Responding to questions from Army soldiers worried about looming spending cuts, Panetta said the Defense Department faced a "perfect storm" in the coming months. He cited the need for the U.S. debt ceiling to be raised, the Pentagon's current funding approval due to expire, and $500 billion in spending cuts about to go into effect.

Panetta, on a week-long trip to Europe that is likely to be his last as defense secretary, had few words of comfort to offer the troops if the Pentagon has to implement another $500 billion in spending cuts over 10 years beginning on March 1.

"If I face another half a trillion in cuts, you know, all bets are off," Panetta told about 150 members of the 173rd Airborne Brigade Combat Team in Vicenza, Italy. "I don't know what to tell you at that point. We're all going to pay a hell of a price. I hope it doesn't come to that."

The Pentagon has begun implementing $487 billion in cuts to projected spending over 10 years that were ordered in the 2011 Budget Control Act, which was aimed at reducing the United States' trillion dollar budget deficits.

The act also directed the government to implement another $1 trillion in across-the-board cuts, including $500 billion from defense, unless Congress agreed on a compromise package of alternatives that would reduce spending by an equivalent amount.

The cuts, under a mechanism known as sequester, were due to go into effect on Jan. 2. But Congress passed a law on New Year's Day that delayed the spending reductions for two months to give them more time to hammer out a deal.

At the same time, Congress has not appropriated funds for the Defense Department for the 2013 fiscal year that began on Oct. 1. Instead, it passed a deal to keep the department operating through most of March, but at reduced funding levels.

BORROWING LIMIT

And the government has reached the limit of its borrowing capacity and needs Congress to raise it sometime in March to avoid a default.

The timing of the three financial measures has caused some officials to voice concern that the Defense Department cuts may be allowed to go into effect because Congress may be more concerned about the debt ceiling and 2013 appropriations.

"The greatest threat we face right now is continuing uncertainty in Washington as to just exactly what will happen on the budget," Panetta told the troops.

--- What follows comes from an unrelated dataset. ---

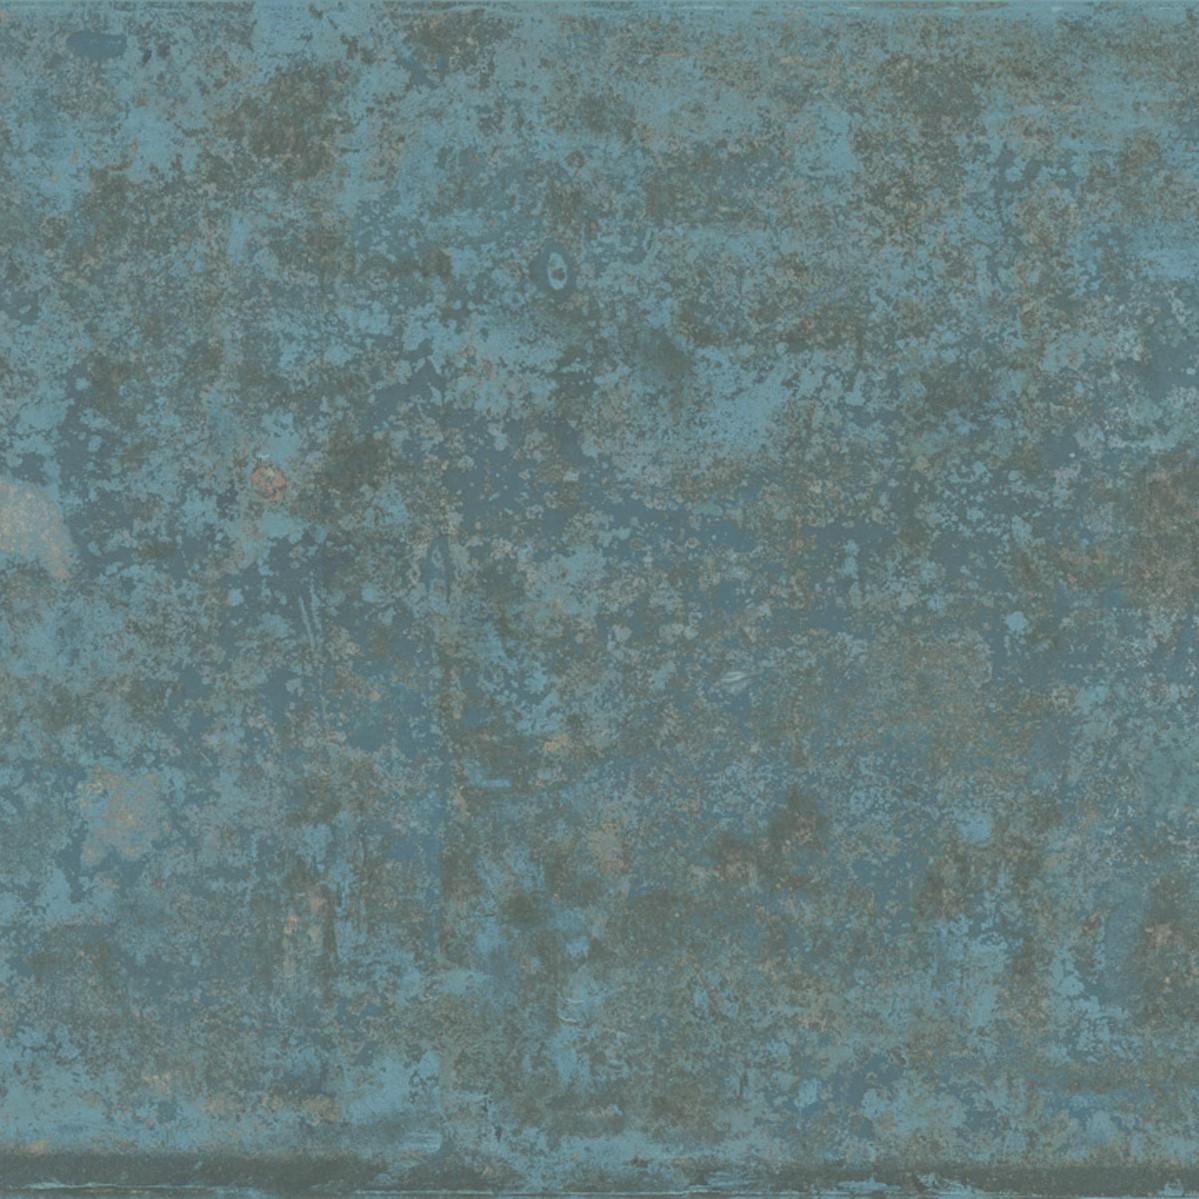 T10144 GRUNGE BLUE

"If suddenly they cut us and then if this damn sequester goes into effect, we're facing huge cuts," he added. "Largely, that would have to come out of readiness and maintenance."

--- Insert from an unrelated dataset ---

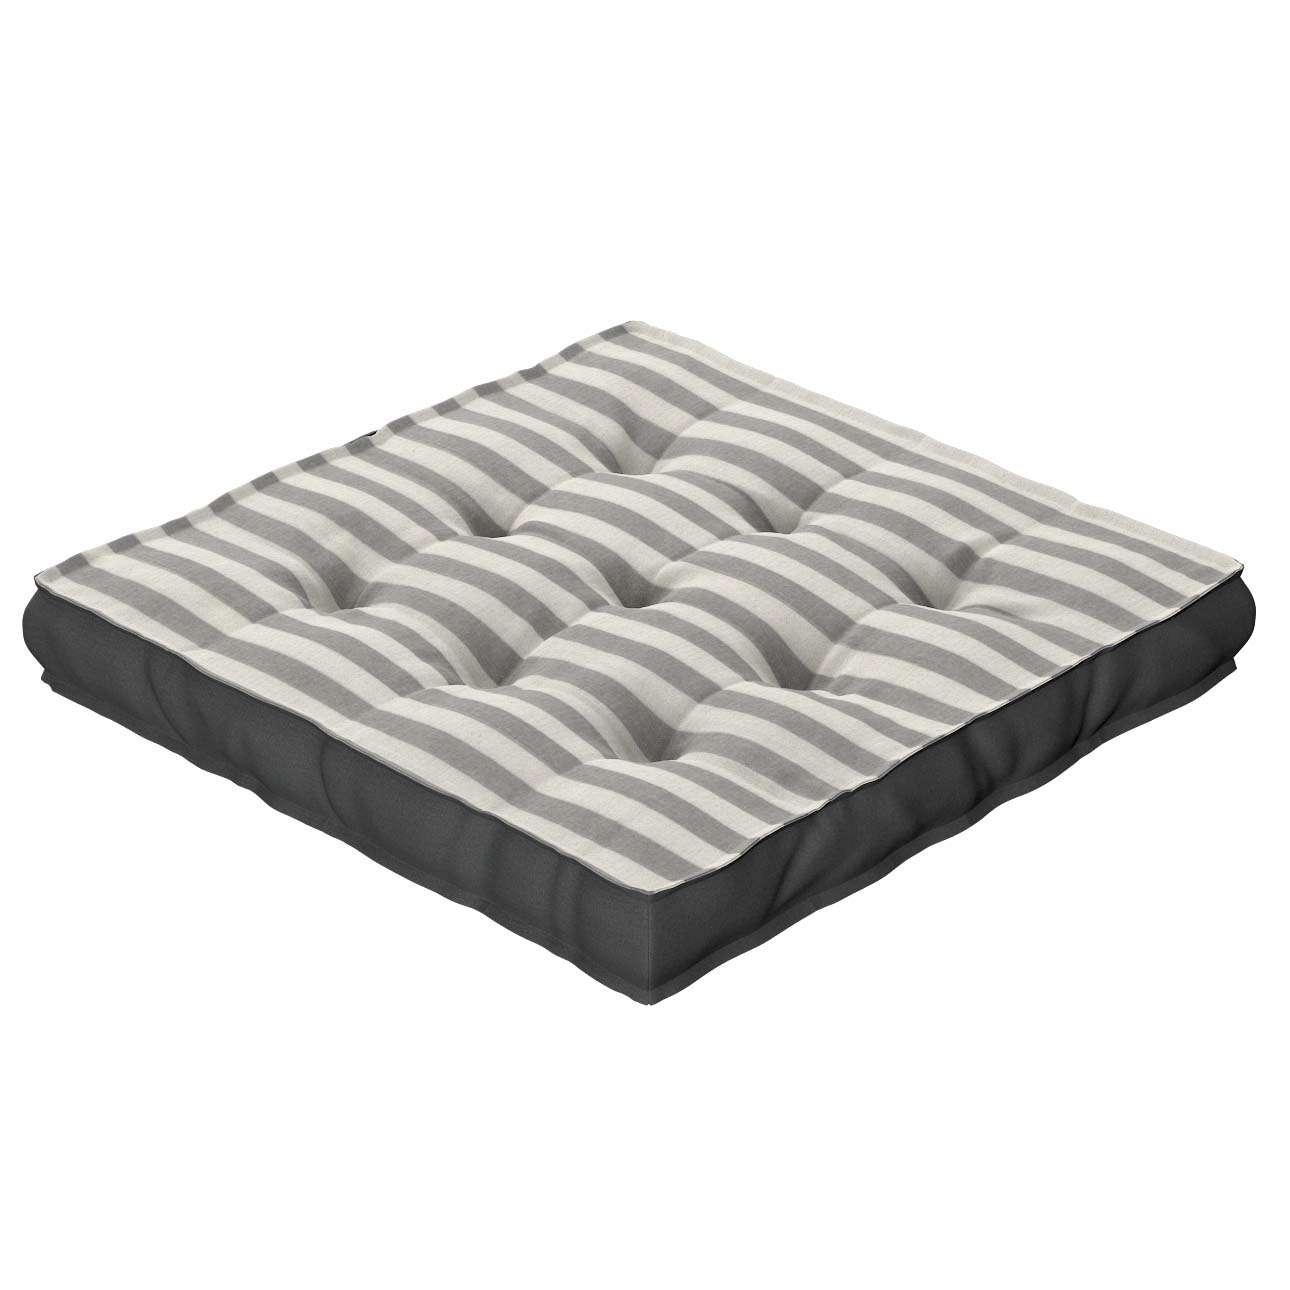 Pagalvėlė Kuba kėdei/ant grindų 40 x 40 x 6 cm kolekcijoje Quadro, audinys: 136-12

Panetta said if the cuts bite, the Pentagon would have to send out notices to the department's nearly 800,000 civilian employees that they may have to take a month of unpaid leave before Sept. 30 to achieve needed spending reductions.

"It's going to affect us," he said. While troops preparing to deploy would receive training, for "everybody else, training is going to be cut, readiness is going to be cut ... ships that should go into maintenance won't go into maintenance."

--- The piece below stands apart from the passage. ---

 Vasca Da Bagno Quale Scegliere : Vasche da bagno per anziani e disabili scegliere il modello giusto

Panetta said the Pentagon needed greater budget stability and the flexibility to make spending reductions strategically, rather than across-the-board as under sequestration.

"This is not an unsolvable problem," he said. "People have just got to suck it up and take on some of the risk and ... challenges that are required by people in leadership."

Panetta noted that members of the 173rd put their lives on the line in Iraq and Afghanistan.

"All we're asking of our elected leaders is to take a small part of the risk that maybe they'll piss off some constituents. But the fact is that they'll be doing what is right for the country." (Reporting By David Alexander; Editing by Mark Heinrich)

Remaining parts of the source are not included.